The Manhattan plots (Figures 1A–D) summarize the results from the association between HR-HPV clearance and the SNPs in the ImmunoChip (Q-Q plots - Figures S1A–D). All significant hits based on the K-effective method described above are presented for the three analytical models in Table 1 (race-adjusted analysis, race-specific analysis, and the pooled analysis). Results for all of the SNPs assessed can be found in Table S1. In the race-adjusted analysis, three SNPs that are in LD (rs1112085, rs11102637, and rs12030900) in the MAGI3 gene were associated with HPV clearance. HIV-positive women infected with HR-HPV that have minor allele A for SNP rs1112085, located on chromosome 1, had a HPV clearance rate 1.51 times (p = 1.14×10−07) higher than those with the G wild type allele, controlling for CD4+ count, LR-HPV infection(s), 10 PCs, and genotyping facility (Table 1). When assessing this SNP (rs1112085) in the three races separately (Table 1), in African Americans and European Americans the minor allele was associated with higher clearance rates (HR = 1.49, p = 4.07×10−05, HR = 1.53, p = 0.01, respectively), while no association was detected between this SNP and HR-HPV clearance among Hispanics (HR = 0.98, p = 0.91). In the pooled analysis using the meta-analysis approach, the same minor allele was associated with higher clearance rates (HR = 1.33, p = 0.03). Likewise, a SNP (rs8031627), located on chromosome 15 in the SMAD3 gene, was also significantly associated with higher clearance rates in the race-adjusted analysis (HR = 1.53, p = 8.04×10−07) and the pooled analysis (HR = 1.49, p = 1.78×10−06). When analyzed among the separate races, the SNP (rs8031627) was significantly associated with clearance in Hispanics (HR = 1.76, p = 0.0005) and African Americans (HR = 1.44, p = 0.003); a similar hazard ratio was seen in European Americans, but it was not statistically significant (HR = 1.34, p = 0.08).
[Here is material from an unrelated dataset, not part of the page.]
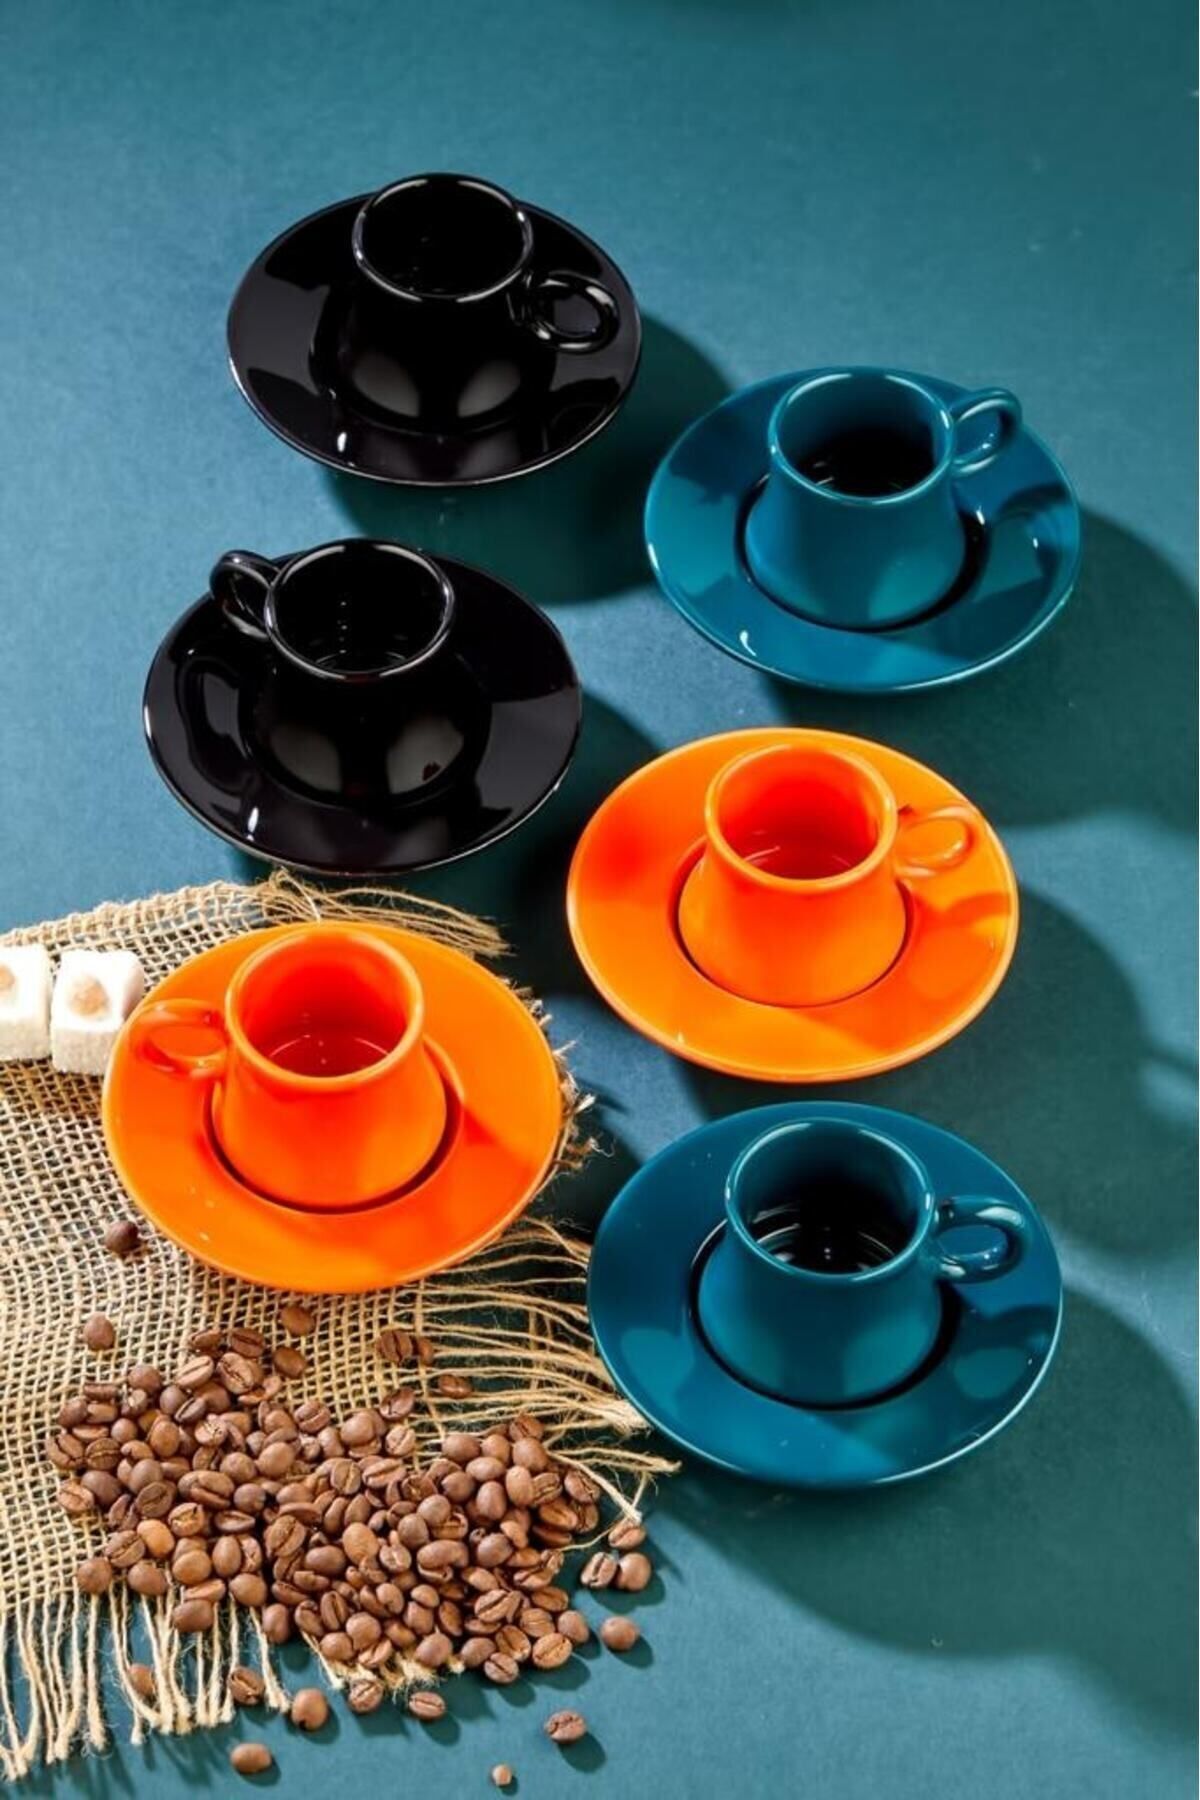 EvimSepette 6 Adet Renkli Kahve Fincanı Ve Tabağı

Table 1. Cox proportional Hazard Ratios (HR) for the SNPS associated with time to clearance of high-risk (HR-HPV) HPV infection in the race-adjusted analysis, individual race-specific analysis, and pooled analysis of the three races separately.
Race-Adjusted | Hispanics | African Americans | European Americans | Pooled Analysis* | |||||||||
SNP | chr | position | Gene | HR | p | HR | P | HR | p | HR | p | HR | p |
rs1112085 | 1 | 113742688 | MAGI3 | 1.51 | 1.14E-07 | 0.98 | 0.91 | 1.49 | 4.07E-05 | 1.53 | 0.01 | 1.33 | 0.03 |
rs11102637 | 1 | 113793315 | MAGI3 | 1.51 | 1.34E-07 | 0.98 | 0.91 | 1.47 | 5.78E-05 | 1.53 | 0.01 | 1.33 | 0.03 |
rs12030900 | 1 | 113775786 | MAGI3 | 1.50 | 2.11E-07 | 0.98 | 0.91 | 1.47 | 7.49E-05 | 1.53 | 0.01 | 1.32 | 0.03 |
rs8031627 | 15 | 65271173 | SMAD3 | 1.53 | 8.04E-07 | 1.76 | 0.0005 | 1.44 | 0.003 | 1.34 | 0.08 | 1.49 | 1.78E-06 |
rs1633038 | 6 | 29848016 | HLA-G | 1.61 | 2.5E-05 | 0.79 | 0.43 | 1.89 | 3.48E-07 | 1.35 | 0.20 | 1.34 | 0.22 |
rs1125341 | 6 | 34894283 | UHRF1BP1 | 0.85 | 0.01 | 0.96 | 0.86 | 0.93 | 0.36 | 1.77 | 8.41E-08 | 1.18 | 0.51 |
rs180327 | 11 | 116128869 | BUD13 | 1.16 | 0.02 | 0.89 | 0.48 | 1.05 | 0.62 | 0.50 | 7.52E-09 | 0.77 | 0.30 |
rs619054 | 11 | 116166023 | APOA5 | 0.85 | 0.03 | 1.03 | 0.92 | 1.03 | 0.74 | 0.52 | 4.26E-07 | 0.81 | 0.41 |
rs10952259 | 7 | 149764996 | GIMAP8 | 1.14 | 0.03 | 1.62 | 0.04 | 1.01 | 0.86 | 1.81 | 2.68E-07 | 1.42 | 0.12 |
rs16852584 | 4 | 40582748 | APBB2 | 1.10 | 0.45 | 0.53 | 0.05 | 1.06 | 0.69 | 3.36 | 4.3E-07 | 1.25 | 0.63 |
rs17511504** | 6 | 111737220 | LOC100128477 | 4.33 | 6.07E-09 | ||||||||
rs117611750** | 6 | 111892918 | REV3L | 4.13 | 5.11E-07 | ||||||||
rs74833651** | 6 | 111894441 | REV3L | 4.13 | 5.11E-07 |
*using meta-analysis approach;
**informative only in European Americans (e.g. MAF).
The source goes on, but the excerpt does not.